Unicode normalization in search results

Hi @asmecher! It seems I found a “stop word”. “Stop-word” is a “stop-char” - in the Cyrillic alphabet the char “х” (Cyrillic letter ha) with code U+0445 (maybe in uppercase too). My OJS does not search for any words containing this letter. And if my theory is true the other “stop-char” will be “ъ” (Cyrillic letter hard sign) with code U+044A. Both these symbols are located on the Cyrillic keyboard on the keys of the left and right square brackets.

Hi @crosfield,

Ah, that’s helpful. I wonder whether your search terms (or parts of them) aren’t being cleared out as punctuation – see lib/pkp/classes/search/SubmissionSearchIndex.inc.php in the filterKeywords function, in particular these lines. Try selectively commenting/removing these lines until your missing content reappears, and let me know whether/which lines were at issue.

Regards,
Alec Smecher
Public Knowledge Project Team

Hi @asmecher! Unfortunately the problem is not in the filterKeywords function but somewhere deeper. If you mean the line 42 and especially the piece of regexp \[\] then the problem is not in it (as well as commenting this and the following lines). If its comment it will not change anything. Of course, every time I regenerate the index and I clear the cache not only in OJS but also in the browser.
How can I see what happens when I enter “wrong” word in the PHP code?

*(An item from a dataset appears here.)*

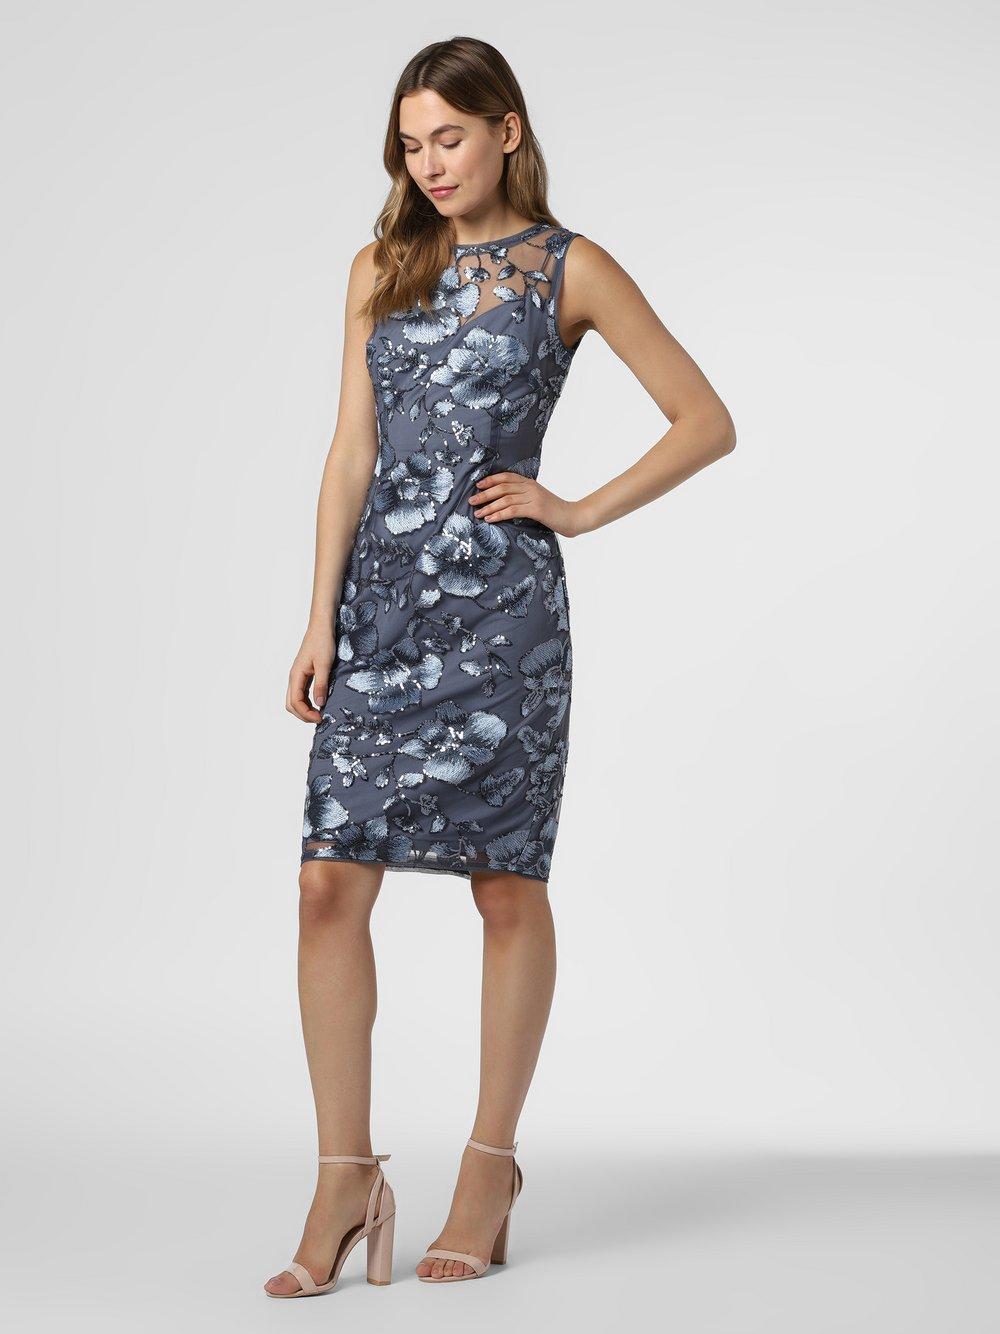 Adrianna Papell – Sukienka damska, niebieski Van Graaf 466189-0001

I have an opportunity to temporarily use PHPStorm, but I could not configure XDebug for debugging. Perhaps there is some simpler way to debug by inserting echo commands into some piece of the code?

Hi @crosfield,

I tend to use plain old error_log calls for debugging – they don’t interfere with AJAX responses. But yes, please give that a try, and let me know if you’re able to narrow it down.

I’d suggest turning off charset_normalization in config.inc.php as you work with this. It keeps things simpler, and that option was more useful before infrastructure support for UTF8 was as good, going back 5-10 years. It’s an option I’d actually like to remove at some point.

Regards,
Alec Smecher
Public Knowledge Project Team

Hi all,

As I understand, all entries from submission_search_keyword_list should give results in the search form, except those filtered by filterKeywords method, am I right?
Or, maybe, there are other filters. For example, those keywords that come from unpublished articles are ignored?

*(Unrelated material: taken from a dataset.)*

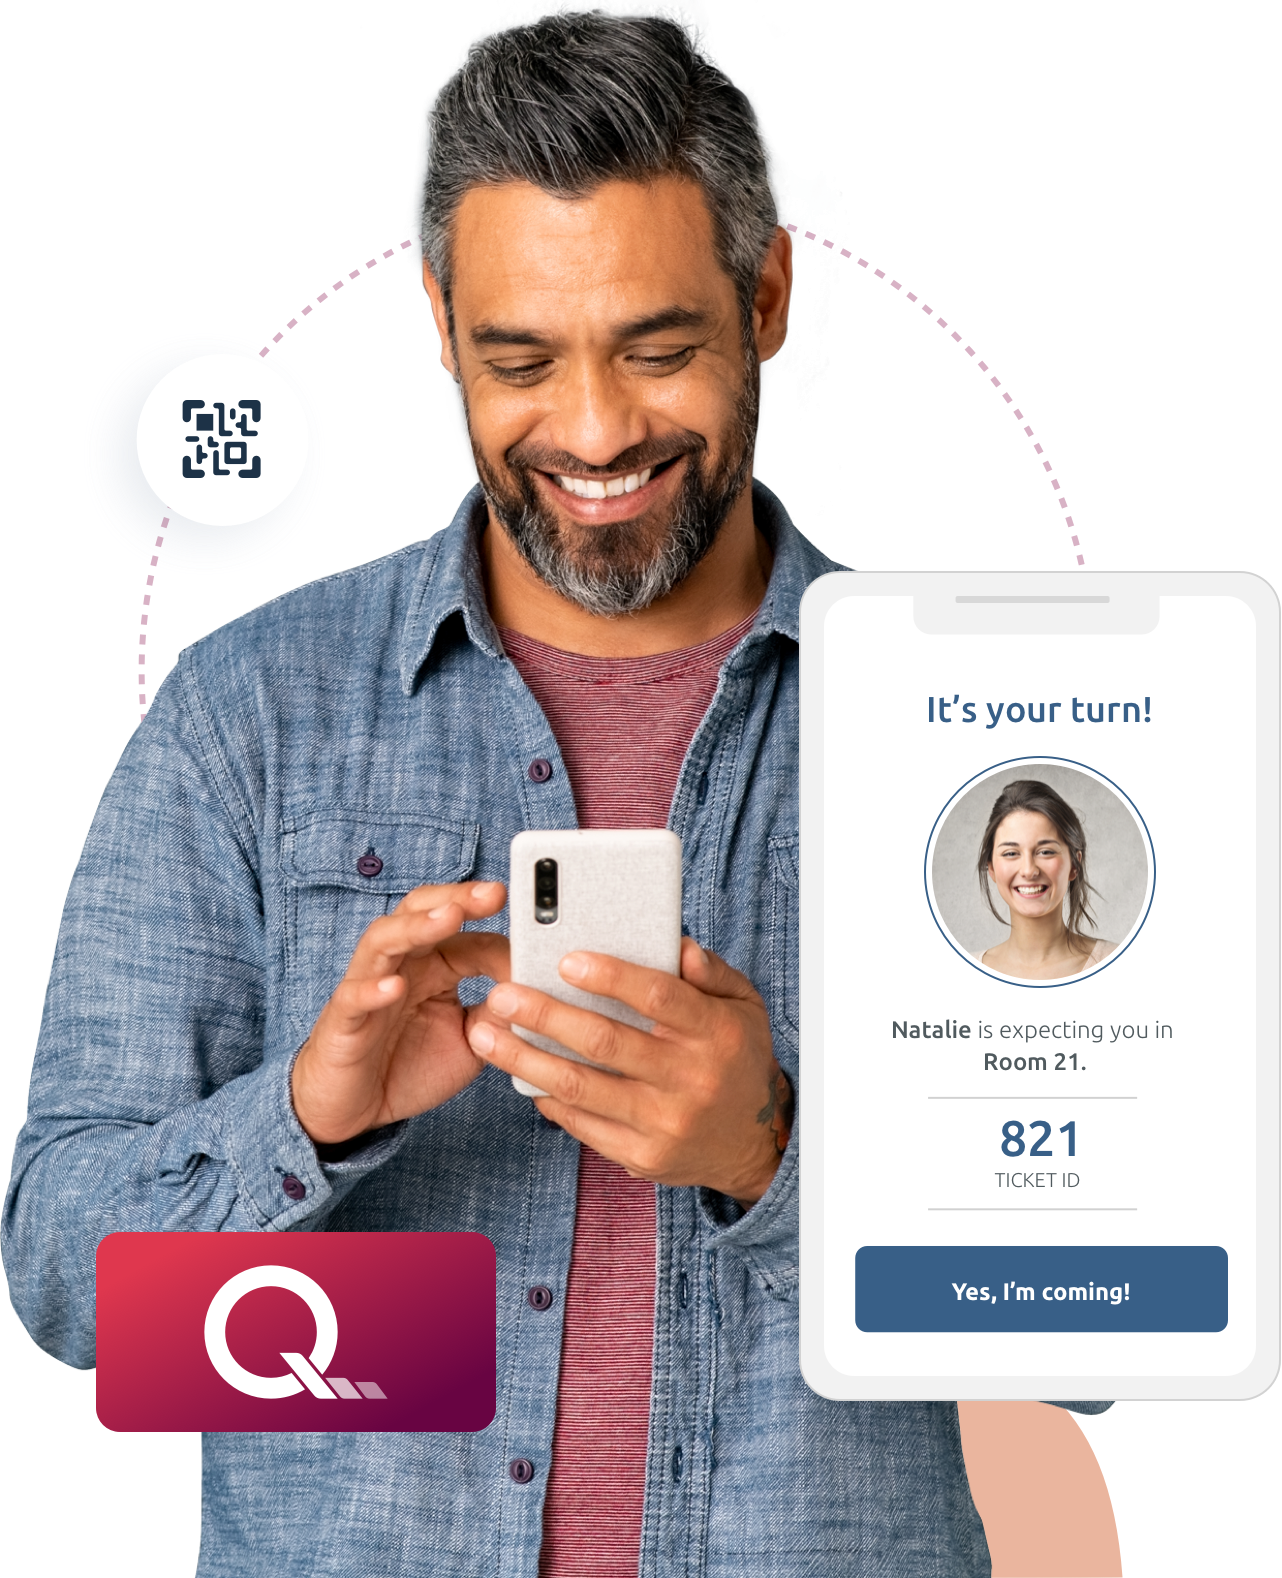 Virtual queue management solution

I’m asking, because in my case queries with letter x, e.g. широких give result. But, for example, keyword_text entry -forcible gives nothing.

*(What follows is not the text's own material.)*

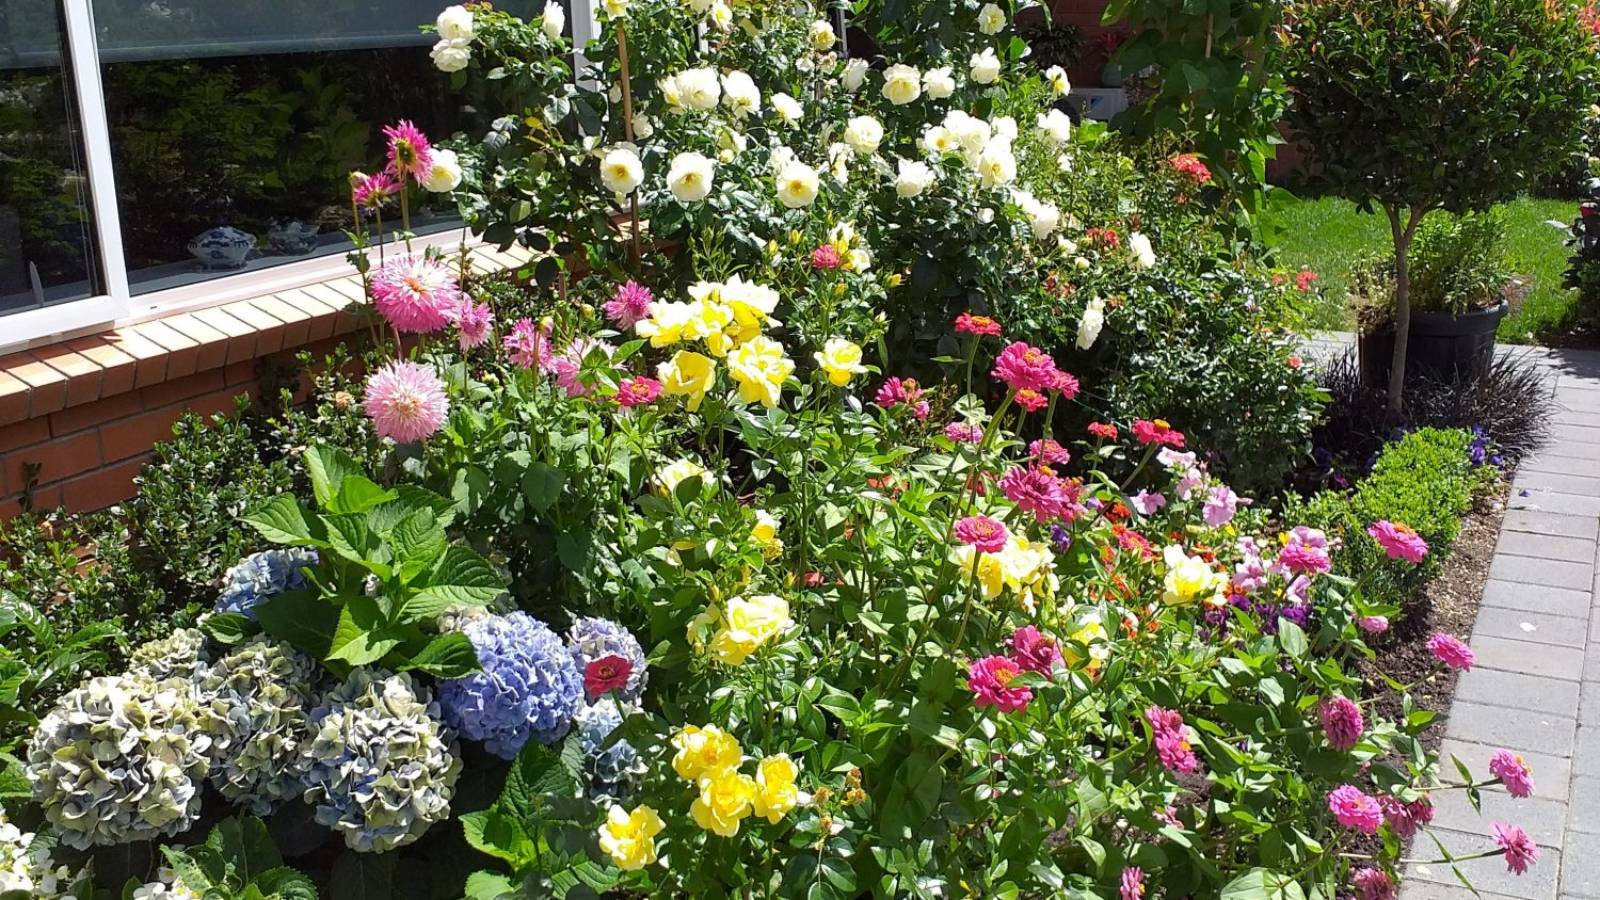 The world's your garden

Thanks @asmecher. While I realized that already in the filterKeywords function is passed the “wrong” string (for example мухин) in which the “stop-char” х is removed (муин is obtained). But if you delete line 42 then the “stop-char” replaced by a question char ? ( му?ин is obtained). And $text variable that is passed to the function already contains the wrong word му?ин. Therefore, at an earlier stage (in the _indexObjectKeywords function or in the _parseQueryInternal function), an incorrect value is passed to filterKeywords function.
And charset_normalization option does not seem to affect anything.

UPDATE: If you insert echo $cleanText; in the filterKeywords function and redirect the output of the tools/rebuildSearchIndex.php utility to the text file there will contain the full word мухин. However, when searching for the word мухин through the site, it will display the wrong word муин at the top of the site. This probably means that the filterKeywords function call comes from different places with different results.
The output from error_log($cleanText);:

[17-Mar-2018 13:22:13 Europe/Moscow] му
[17-Mar-2018 13:22:13 Europe/Moscow] ин

UPDATE2: The query string changes in the _parseQuery function in the classes/search/SubmissionSearch.inc.php module

Hi @Vitaliy! All articles on which a search is made are published. You have implemented multilingual fix by @litvinovg?

Nope. Just trying to understand this part of OJS code for no reason.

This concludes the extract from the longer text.